In 1990, Congress added chapter 14 to the Code to address several gift and estate tax avoidance techniques that flourished under prior law. In general, those avoidance techniques involved fragmenting beneficial ownership into separate interests to facilitate transferring the underlying property in several stages. A donor utilizing one of these techniques initially transferred one interest while retaining another interest in the same property. Eventually, the interest retained in the initial transfer lapsed or was disposed of in a subsequent transfer. Especially where the underlying property was held in a closely-held business entity or family trust, the respective interests could be tailored to shift value from donor to donee in ways that proved extremely difficult to detect or measure. Chapter 14 responds by adopting special valuation rules for certain types of transactions to ensure that such value shifts are included in the transfer tax base.

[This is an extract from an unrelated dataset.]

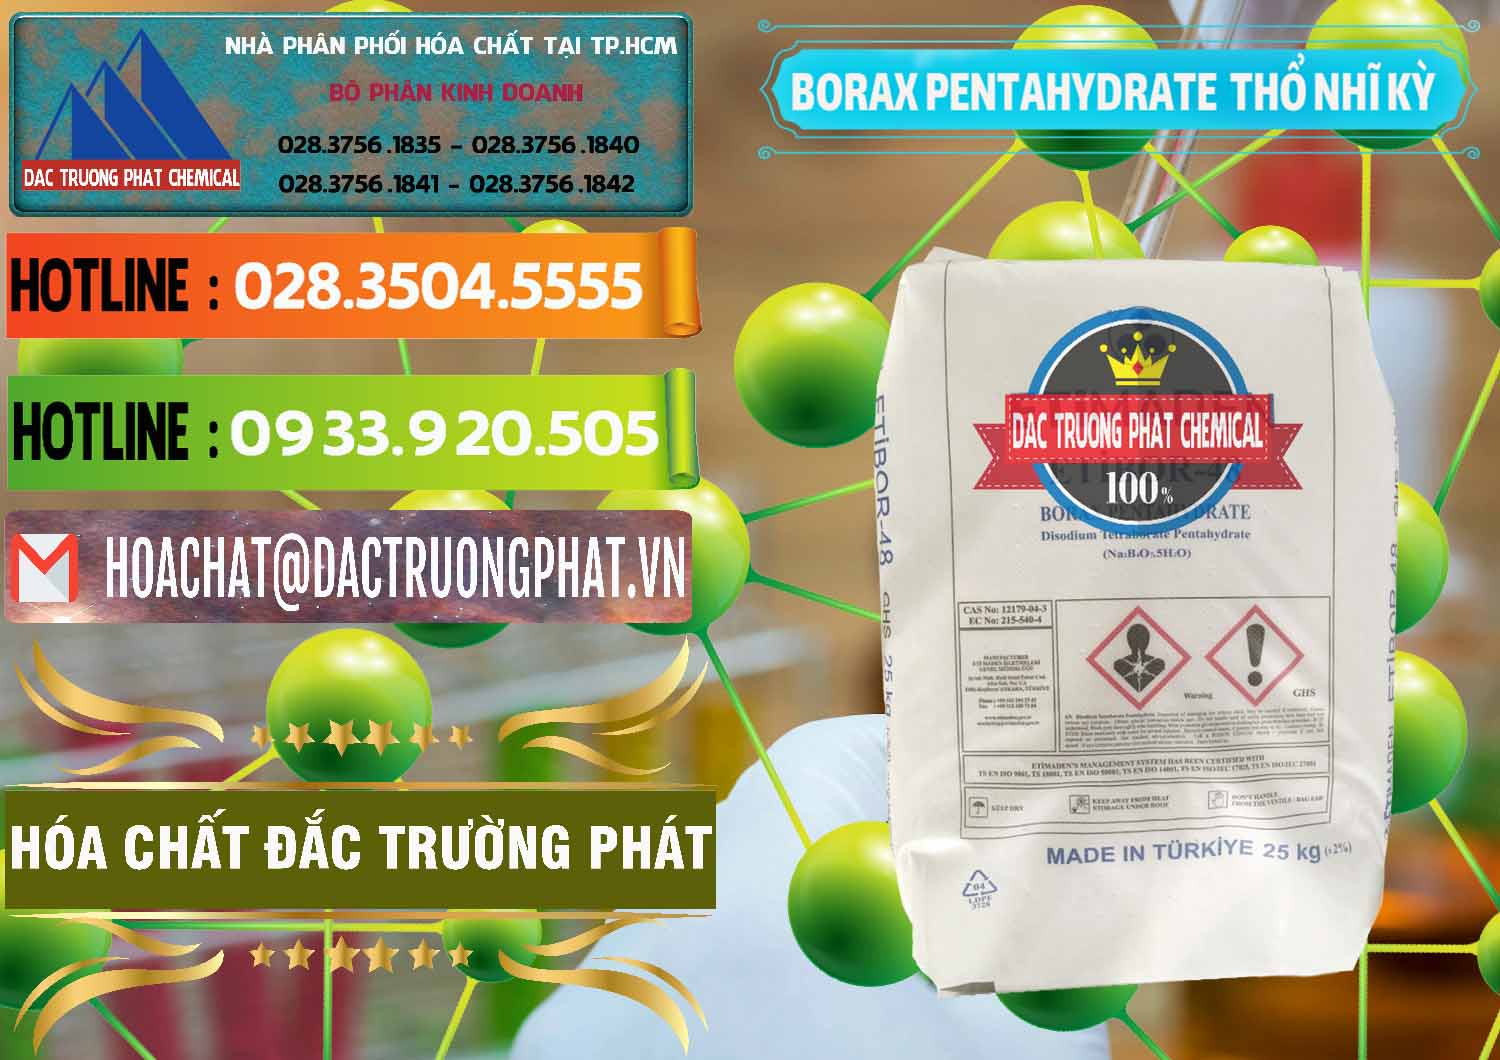 Chuyên bán & cung cấp Borax Pentahydrate Thổ Nhĩ Kỳ Turkey - 0431 - Chuyên phân phối và cung cấp hóa chất tại TP.HCM - cungcaphoachat.com.vn

Section 2702 of the Code applies to split-interest arrangements involving successive beneficial interests representing present and future rights to possess or enjoy the underlying property. When a donor transfers one interest to a family member while retaining another interest, the special valuation rules of section 2702 assign a value of zero to the retained interest unless it meets various statutory requirements. Since the value of the transferred interest is determined by subtracting the value of the retained interest from the value of the underlying property, section 2702 produces a correspondingly high value for the transferred interest, which is reflected in the donor's gift tax base.
For example, a parent who gratuitously transfers a remainder to a child while retaining an income interest for a limited term makes a completed gift of only the remainder. If the special valuation rules assign a zero value to the income interest, the donor makes a taxable gift of the full value of the underlying property. If the parent subsequently disposes of the retained interest in a transfer that attracts a gift or estate tax, a problem of double taxation may arise. The section 2702 regulations address this problem by providing a corrective adjustment at the time of the subsequent transfer.